* _Try it_
Output all of the data exactly, keeping any images out of the copy.
(Beginning of Stored data)
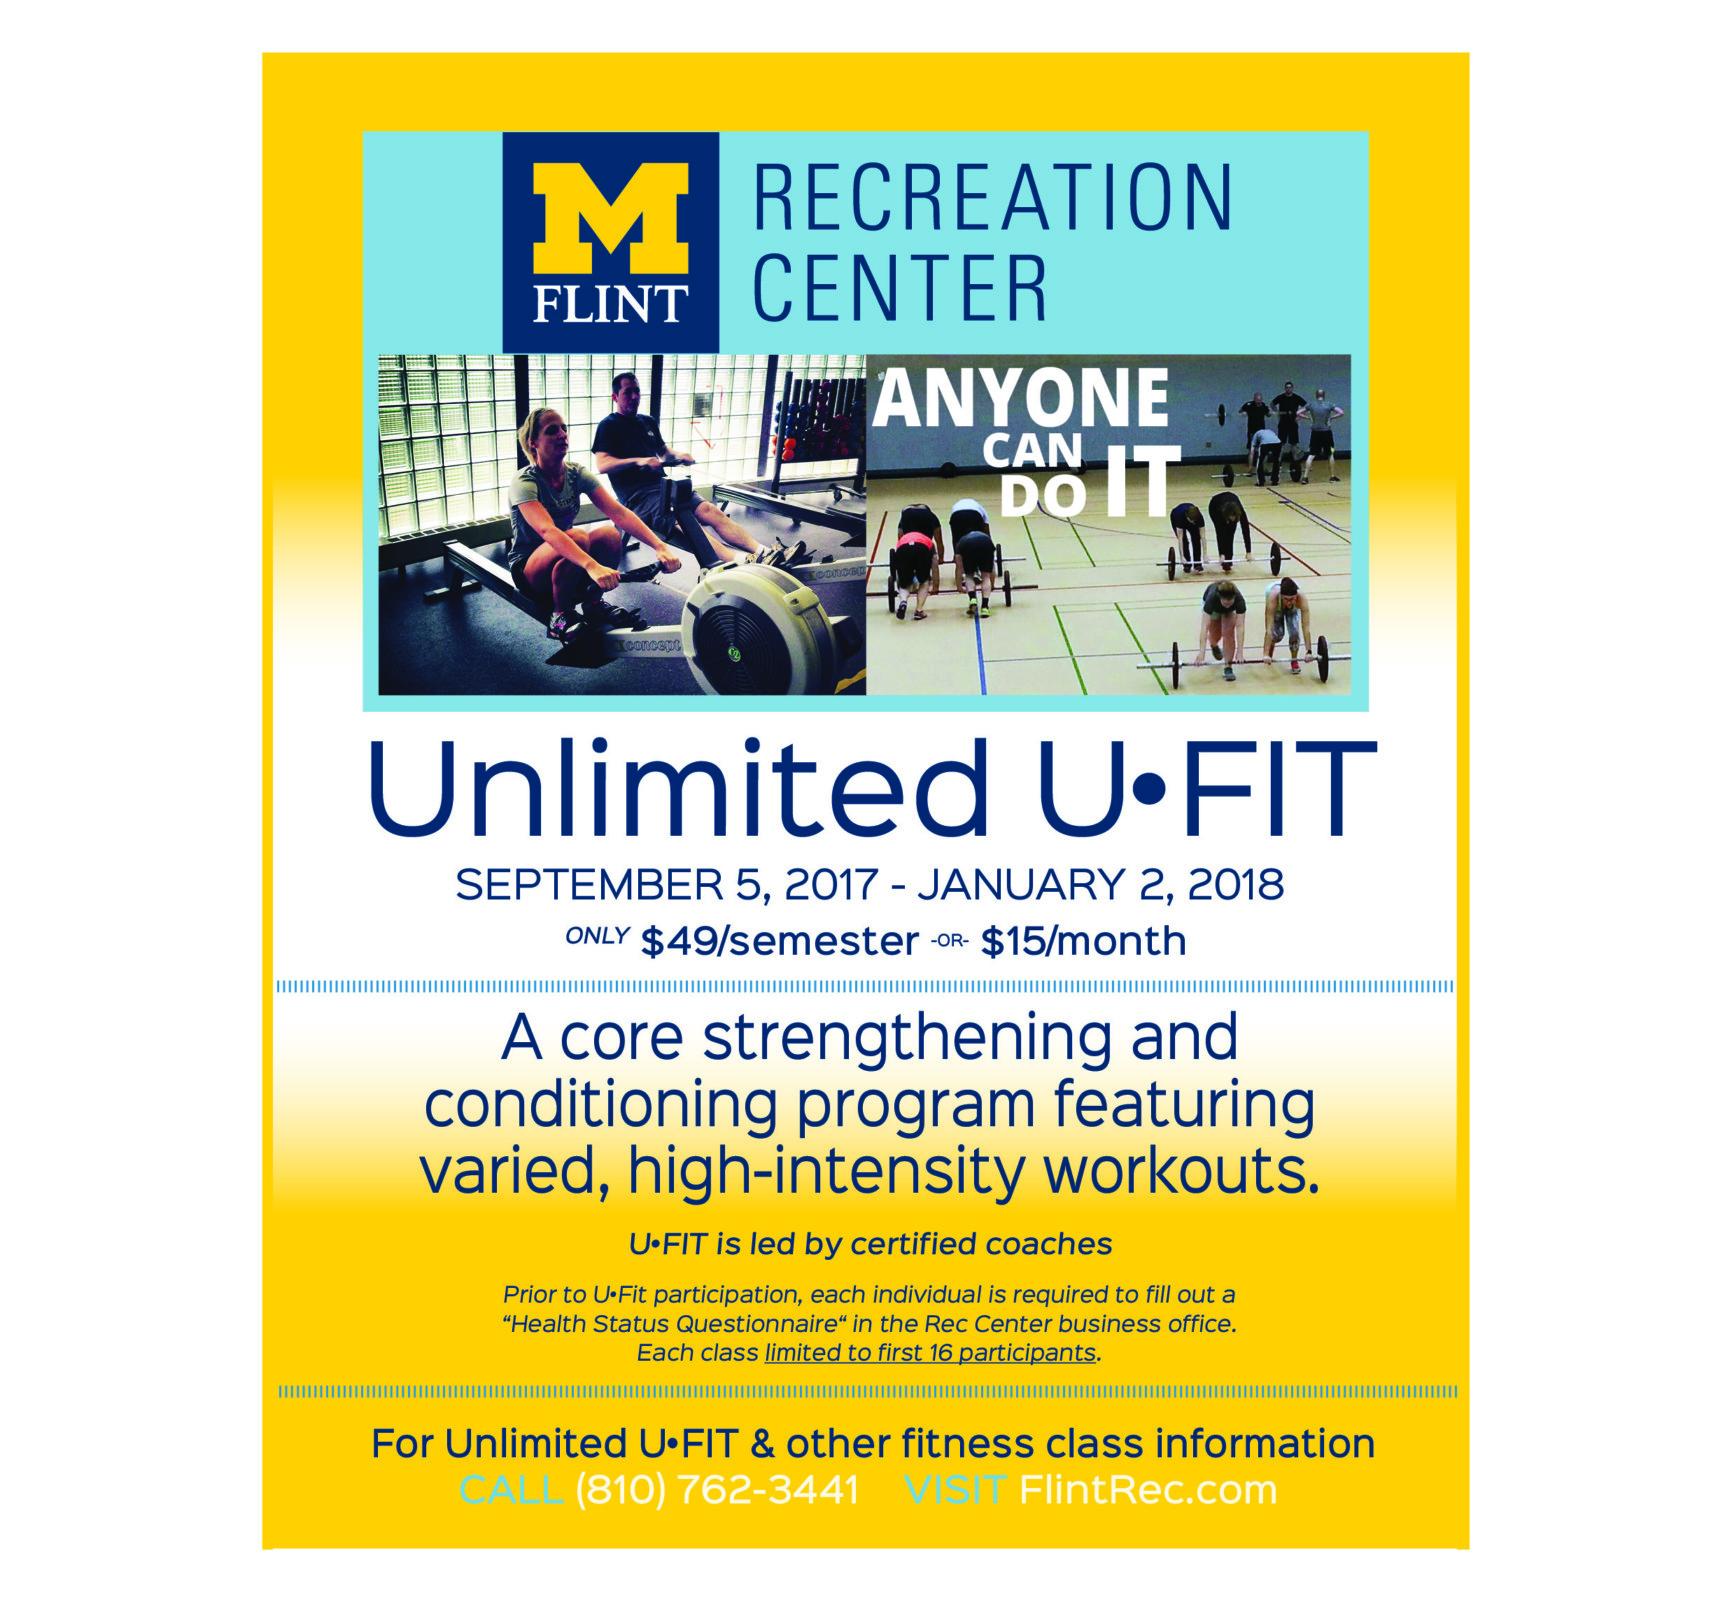 Unlimited UFIT cross-training program
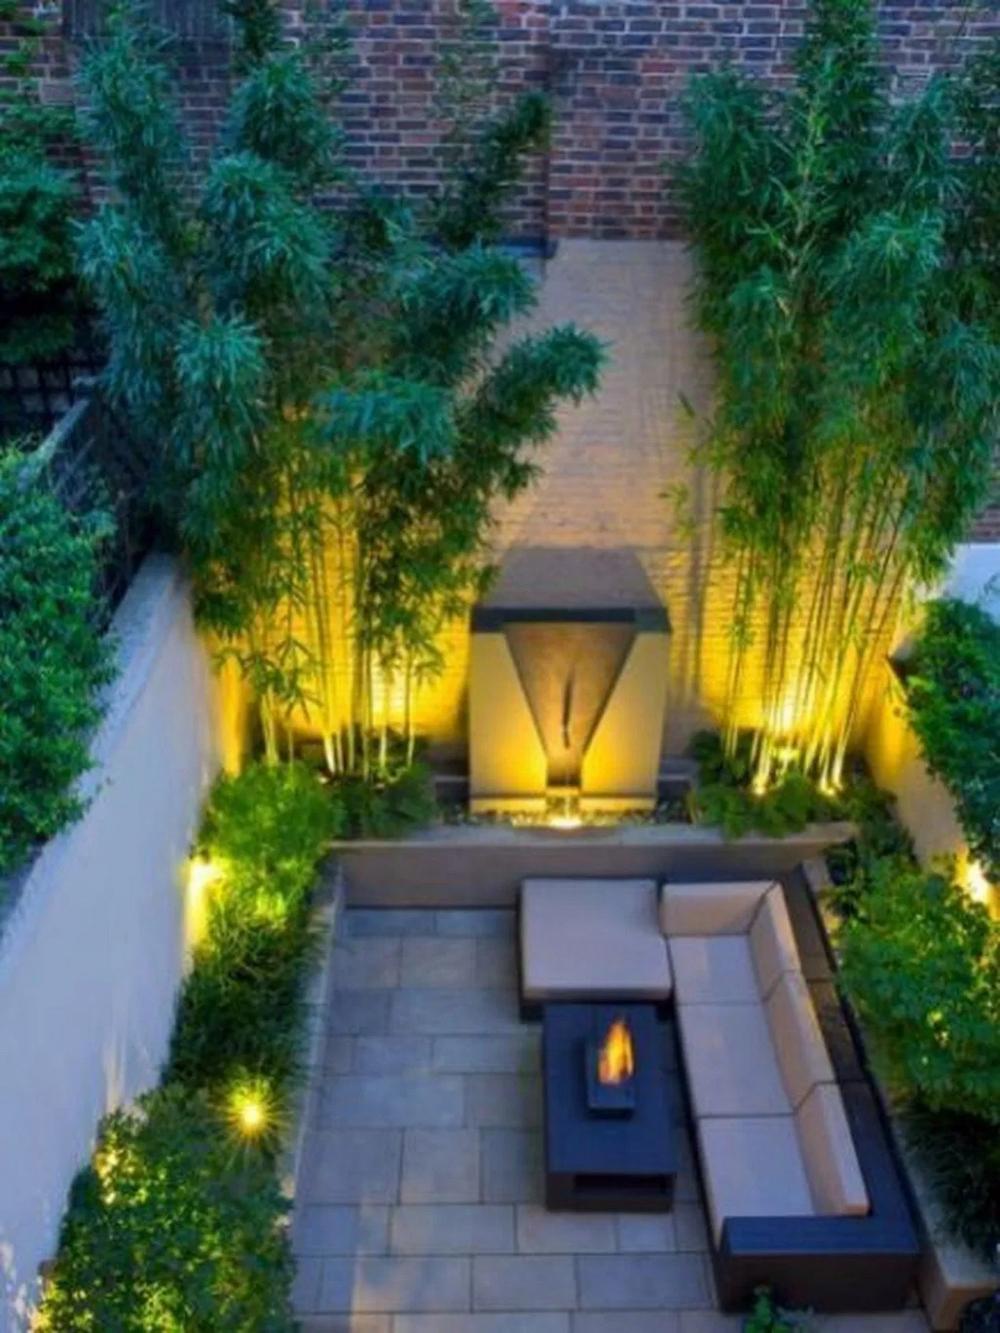 15 beautiful terrace garden ideas for your home 6 ...
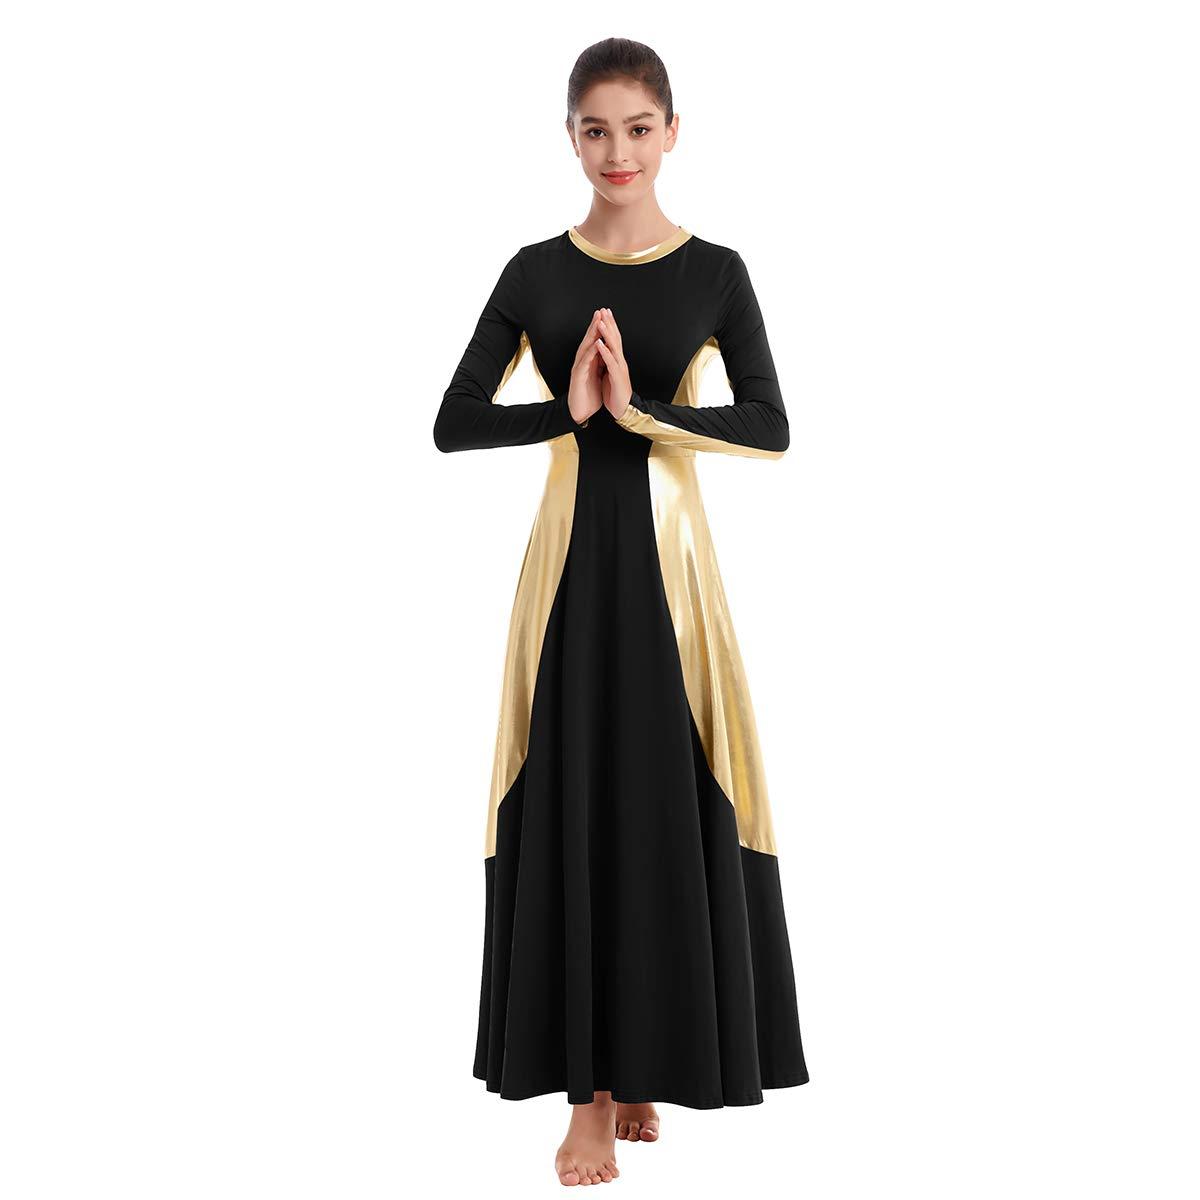 Women Praise Dance Robe Liturgical Worship Metallic Color Block Long Sleeve Maxi Joyful Dress Loose Fit Full Length Costume Ballet Swing Gown Black-Gold S by IBAKOM
(End of Stored data)
* _Response box_
 Unlimited UFIT cross-training program
 15 beautiful terrace garden ideas for your home 6 ...
 Women Praise Dance Robe Liturgical Worship Metallic Color Block Long Sleeve Maxi Joyful Dress Loose Fit Full Length Costume Ballet Swing Gown Black-Gold S by IBAKOM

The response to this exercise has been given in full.